As McCann writes, "In the whole history of the Northern Ireland state, there can hardly be a more revealing example of the collaboration between street level extremists and the ruling Orange elite".

Ardoyne, August 1969. Picture by Hugh McKeown
Ardoyne, August 1969. Picture by Hugh McKeown

Even more damning is the evidence that the unionist Northern Ireland government continued to flatly deny the scale and brutality of loyalist attacks on Catholic/nationalist residents, suggesting that residents may have actually burnt their own homes and refuting the involvement of RUC reservists and B-Specials in perpetrating the violence – even when under the incredulous scrutiny of both international and local press.

"The media is one of the primary sources that people don't pick up on," explains McCann. "You can look at my book and say, 'well the victims or people who were burnt out are going to say that', but when independent witnesses put pen to paper and claim that they saw it, that has never come to light.

A British soldier on the Falls Road at Dunville Park August 1969
A British soldier on the Falls Road at Dunville Park August 1969

"I point that out in my last chapter, where these four ministers sat at a press conference [after the burnings] and denied that this really happened, even though there were reporters there from all over the world, most of whom were on the streets and saw exactly what happened."
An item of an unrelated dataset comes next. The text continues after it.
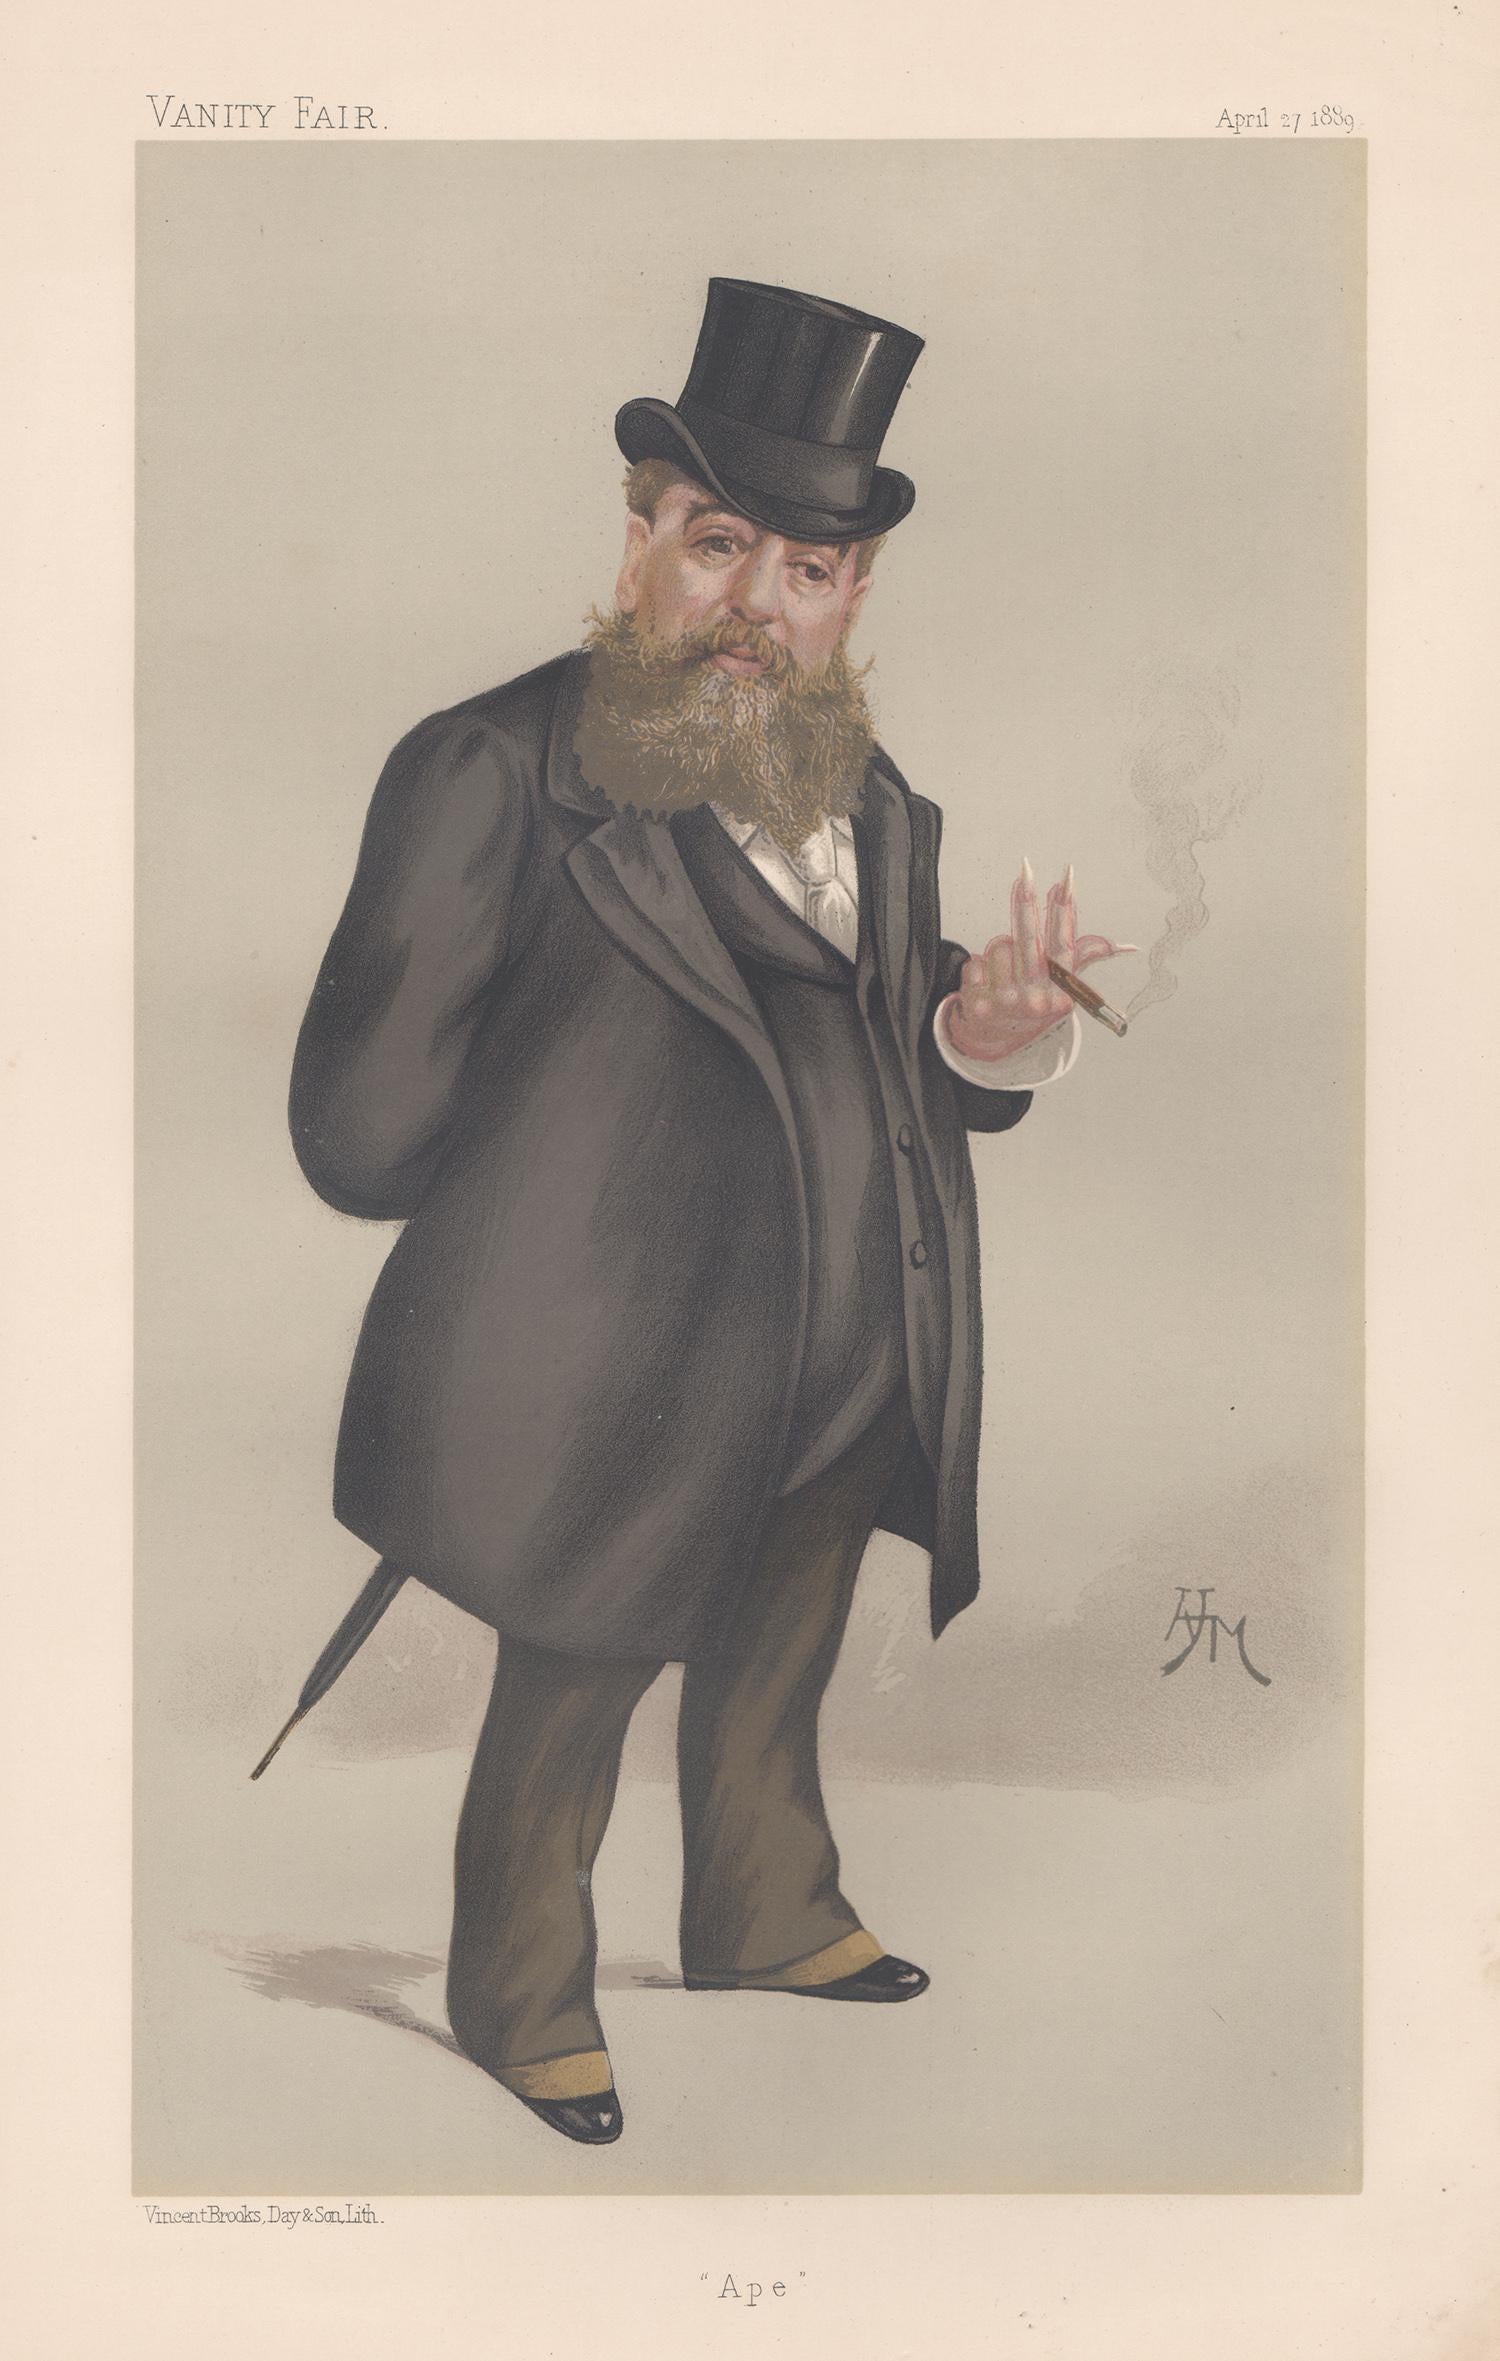 Carlo Pellegrini, Vanity Fair artist portrait chromolithograph 1889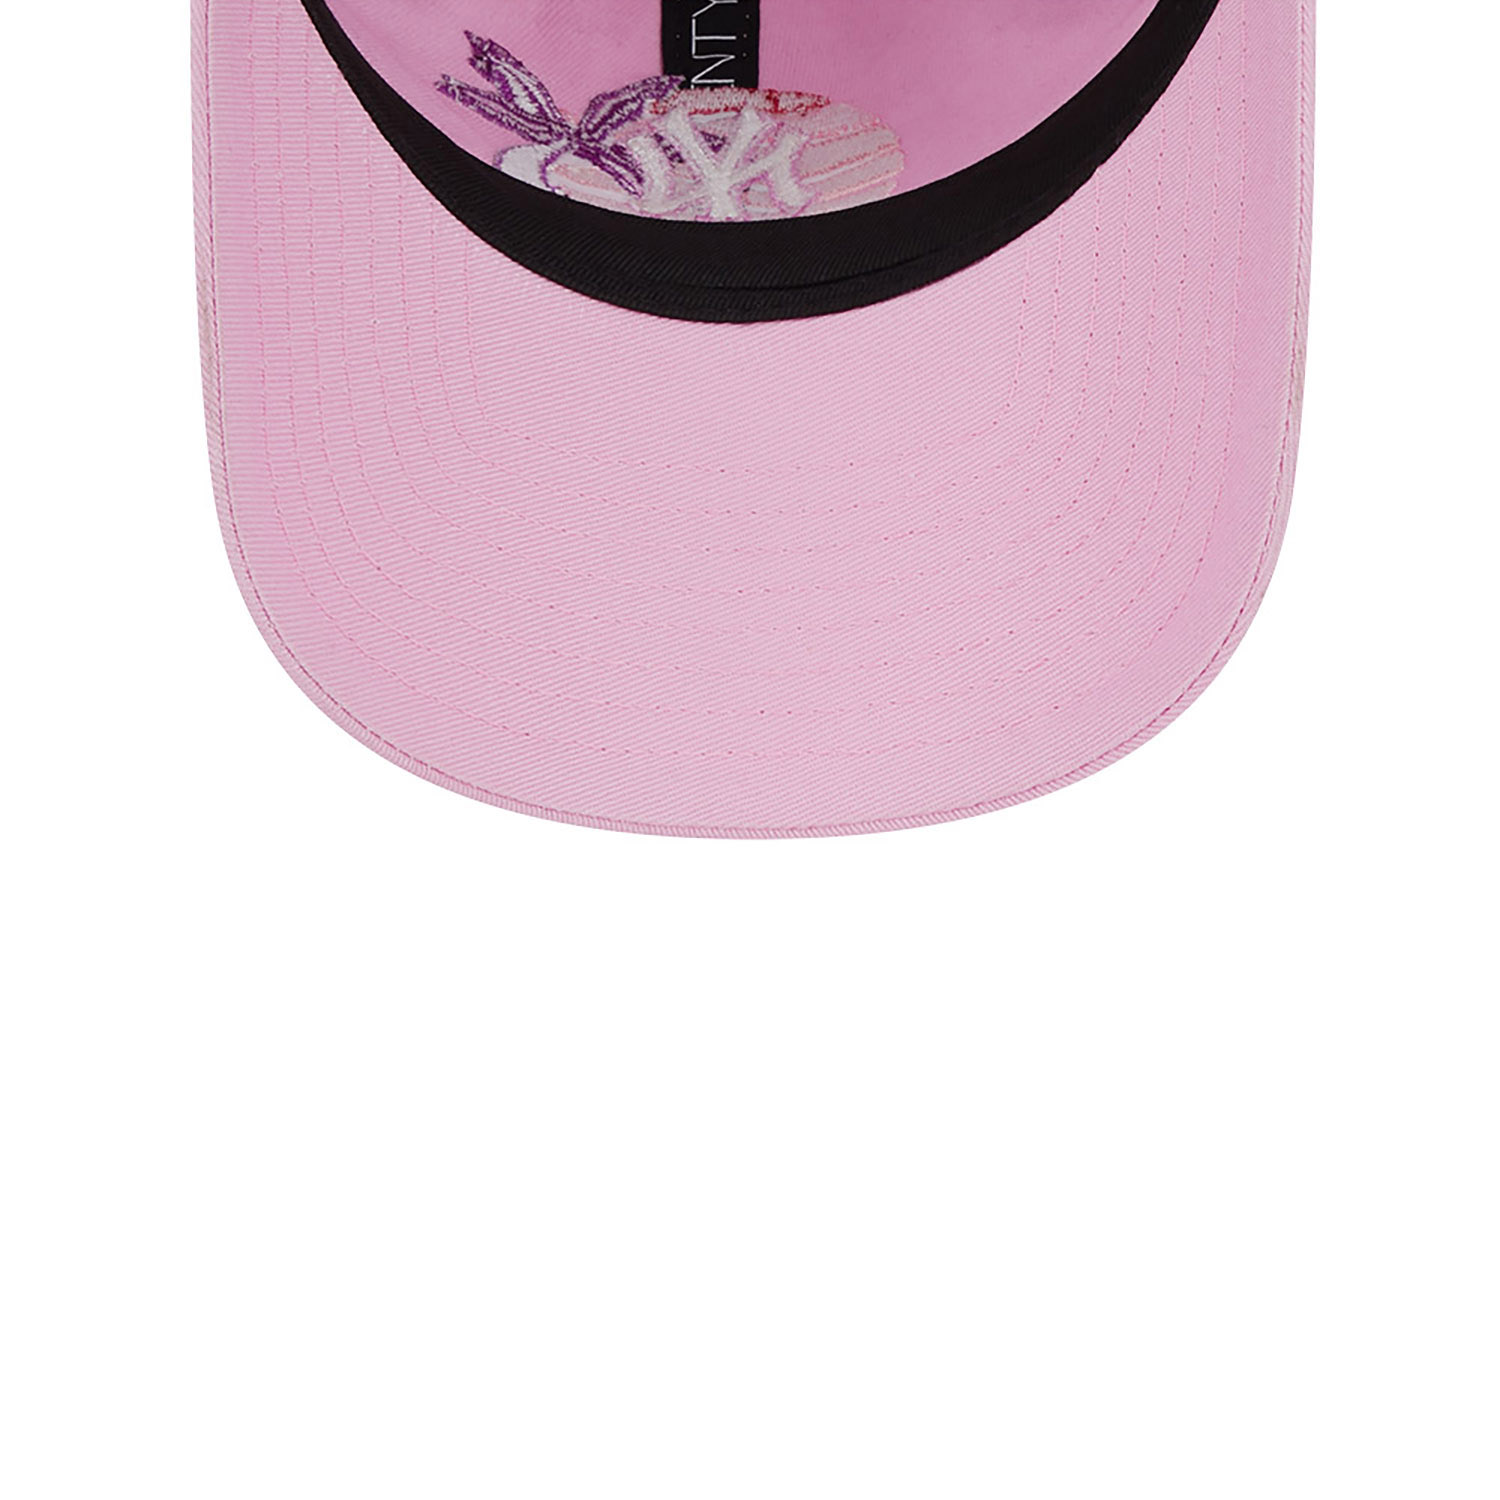 New York Yankees Womens Sun Pastel Pink 9TWENTY Adjustable Cap

While Burnt Out deliberately limits its focus to the events of 1969, McCann does dedicate a chapter to describing the aftermath of the wave of sectarian evictions which blighted Belfast and left scores of homeless Catholic refugees in their wake while also acting as a recruiting drive for a new wave of republicanism.

"I don't think the plight of the refugees has ever been spoken about, or the dramatic effect it had on everyone," he tells me.

"Losing their homes and some losing their lives, this created the Troubles, this created the Provisional IRA. But that's for others to talk about; in fact you can already buy hundreds possibly thousands of books about that – but there's nothing talks about what happened in '69.

"In fact, I've read everything that other academics have written [about 1969] and there's evasion rather than truth. So I just wanted to try and tell it from a victim's point of view."

He adds: "I have to make it clear: I'm not in any political party and I have no political affiliation – I'm just an ordinary person. I'm on the side of history and I'm on the side of what has to be the truth.

"I know people will say 'this is your truth', but I've backed it up with documented evidence that can't really be challenged."

:: Burnt Out is published by Mercier Press. Michael McCann will launch the book in Belfast on February 21 at Cultúrlann Macadam Ó Fíaich on the Falls Road at 7pm.